DEMOCRACY IN THE ARAB WORLD
ALGERIA: Multiparty state with elected parliament and president. The
National Liberation Front, the dominant party since independence from France
40 years ago, won the 2002 parliamentary elections, which were marred by
violence. In 1991, fearing the fundamentalist Islamic Salvation Front would be
elected, the army aborted the final round of elections, which sparked a bloody
insurgency.
BAHRAIN: Became a constitutional monarchy in 2002 as part of reforms that
paved the way for the first legislative elections in 30 years. Women voted and
ran in the October election, which secularists narrowly won. Most power still
resides with Sheikh Hamad bin Isa Al Khalifa.
EGYPT: President Hosni Mubarak's security apparatus and National Democratic
Party have almost absolute control over the elected parliament. Mubarak
periodically stands as the sole presidential candidate in referendums in which
voters can choose yes or no. These always produce an overwhelming yes vote.
JORDAN: King Abdullah II has virtually absolute power. An elected
parliament has not met since 2001, although Abdullah promises parliamentary
elections later this year. KUWAIT: Politics are controlled by Emir Jaber Al
Ahmed Al Sabah and his family. Kuwait pioneered among Arabs in electing a
parliament, in 1963, but the emir regularly dismisses national assemblies.
Women are barred from voting or running for office.
LEBANON: Elections are regular and lively, but are circumscribed by a power-
sharing agreement meant to prevent a resurgence of the 1975-90 sectarian civil
war. Legislative seats are apportioned equally to Christians and Muslims. The
prime minister must be a Sunni Muslim, and the president a Christian. Syria
wields great influence over Lebanese politics.
LIBYA: Moammar Khadafy has held absolute power since a 1969 military coup.
MOROCCO: King Mohammed VI appoints the prime minister and members of the
government following legislative elections. He can fire any minister, dissolve
parliament, call for new elections or rule by decree. Parliamentary elections
held in September were praised as clean and fair. The Socialist Party won a
majority of seats, but conservative Islamic parties did well.

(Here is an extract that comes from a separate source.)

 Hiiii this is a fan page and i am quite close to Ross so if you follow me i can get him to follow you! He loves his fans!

OMAN: Sultan Qaboos became chief of state by overthrowing his father in
1970. His family has ruled for about 250 years. There are no political parties
or elected legislature.
PALESTINIAN AUTHORITY: President Yasser Arafat is under growing pressure to
share power after four decades of sole control. The post of Palestinian prime
minister was recently created.
QATAR: Expected to have parliamentary elections in two or three years. It
held the first municipal elections in 1999, with women fully participating. Al-
Jazeera satellite TV station, the freest network in the Arab world, is based
in Qatar.
SAUDI ARABIA: Crown Prince Abdullah rules on behalf of ailing King Fahd.

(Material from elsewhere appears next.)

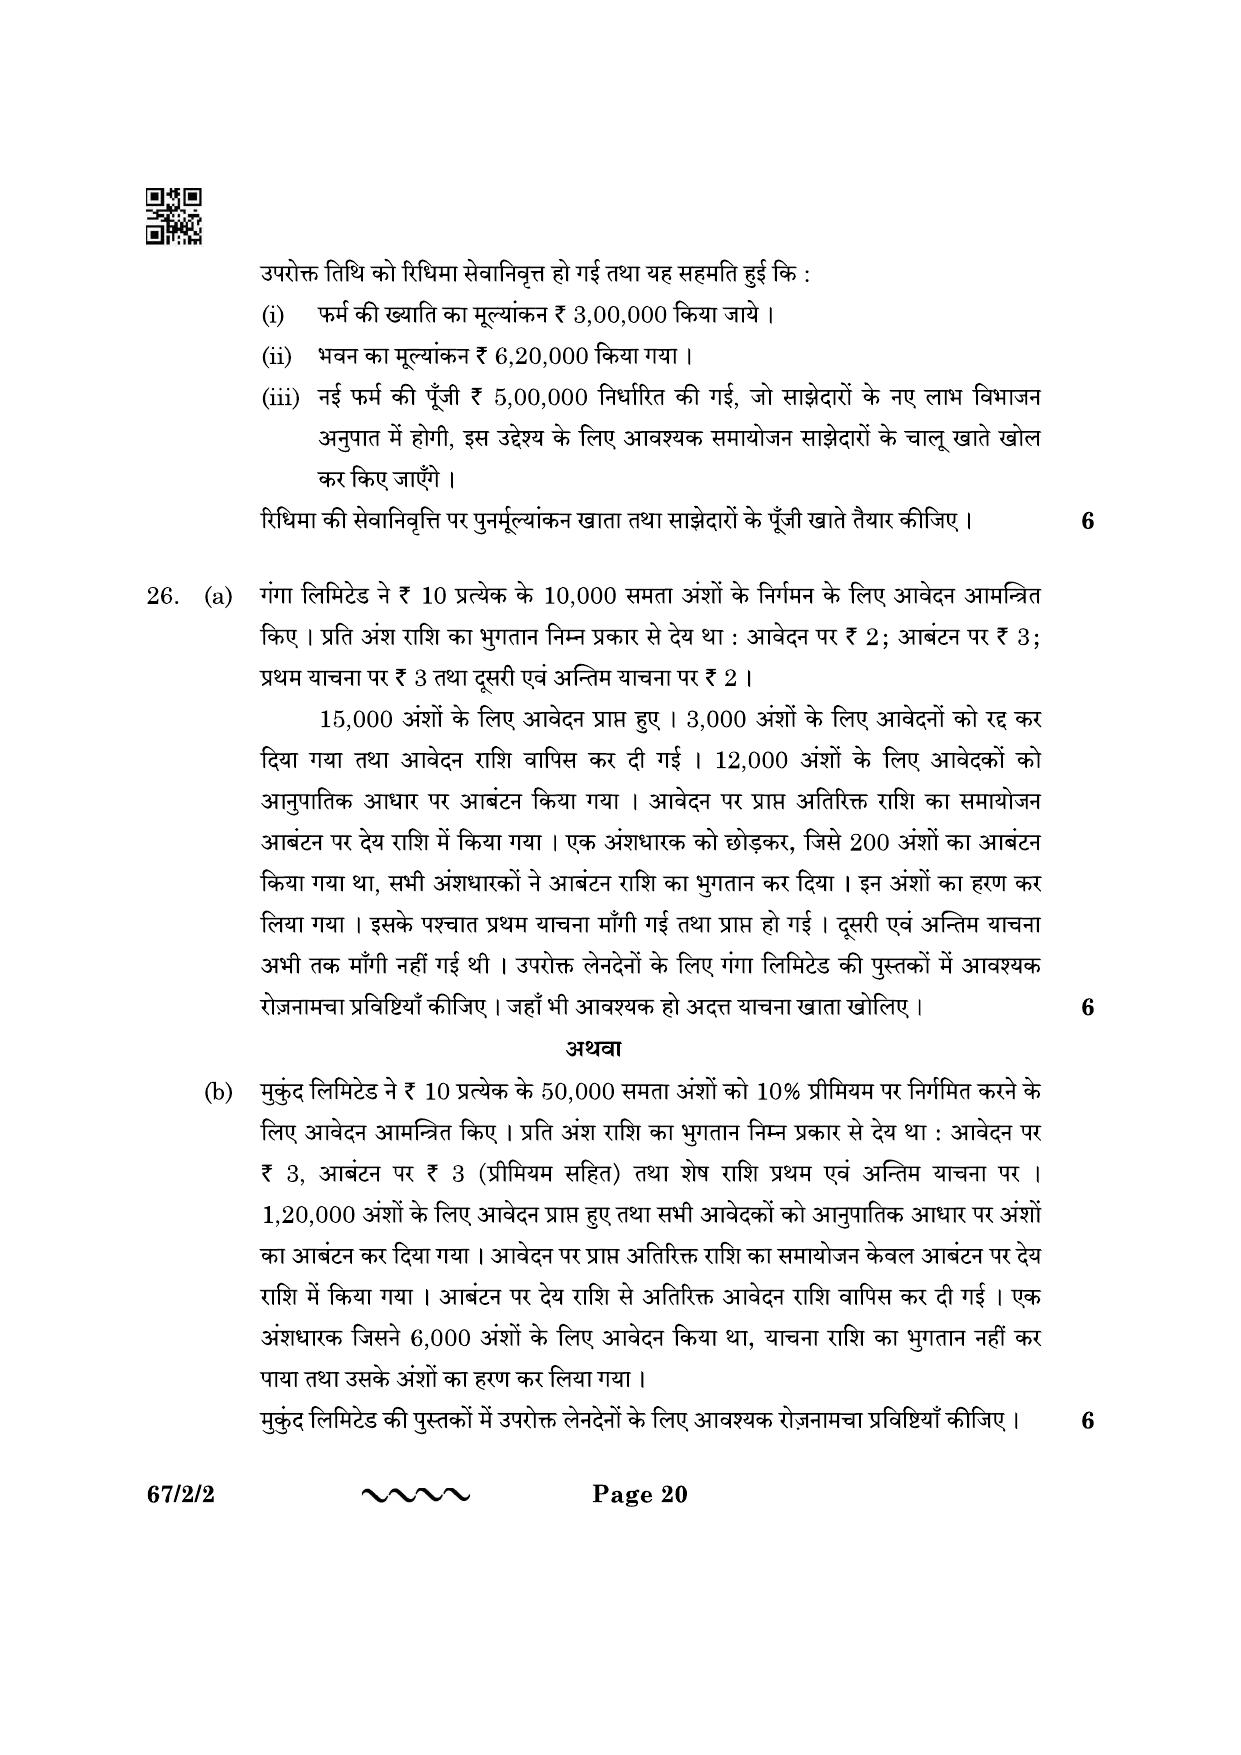 CBSE Class 12 67-2-2 Accountancy 2023 Question Paper - Page 20

There is no elected legislature. The royal family is under pressure to reform.
The government recently allowed international rights monitors to visit for the
first time, and Abdullah proposed that Arab states encourage broader political
participation.
SYRIA: President Bashar Assad wields near-absolute power, disappointing
those who had hoped the young, Western-educated physician would open up
politics after taking over in 2000.
SUDAN: President Omar el-Bashir has been in power since a 1989 coup.
Recently he moved to lessen the influence of fundamentalist Islamic leaders,
but democratic reform is not on the agenda.
TUNISIA: A republic dominated by a single party, the Constitutional
Democratic Assembly, since independence from France in 1956. Opposition
parties have been allowed since 1981.
UNITED ARAB EMIRATES: Federation of states, each controlled by its own emir
and family. YEMEN: President Ali Abdullah Saleh presides over largely
feudal society. Although it has a constitution, an elected parliament and a
lively press, power rests with the military and tribes.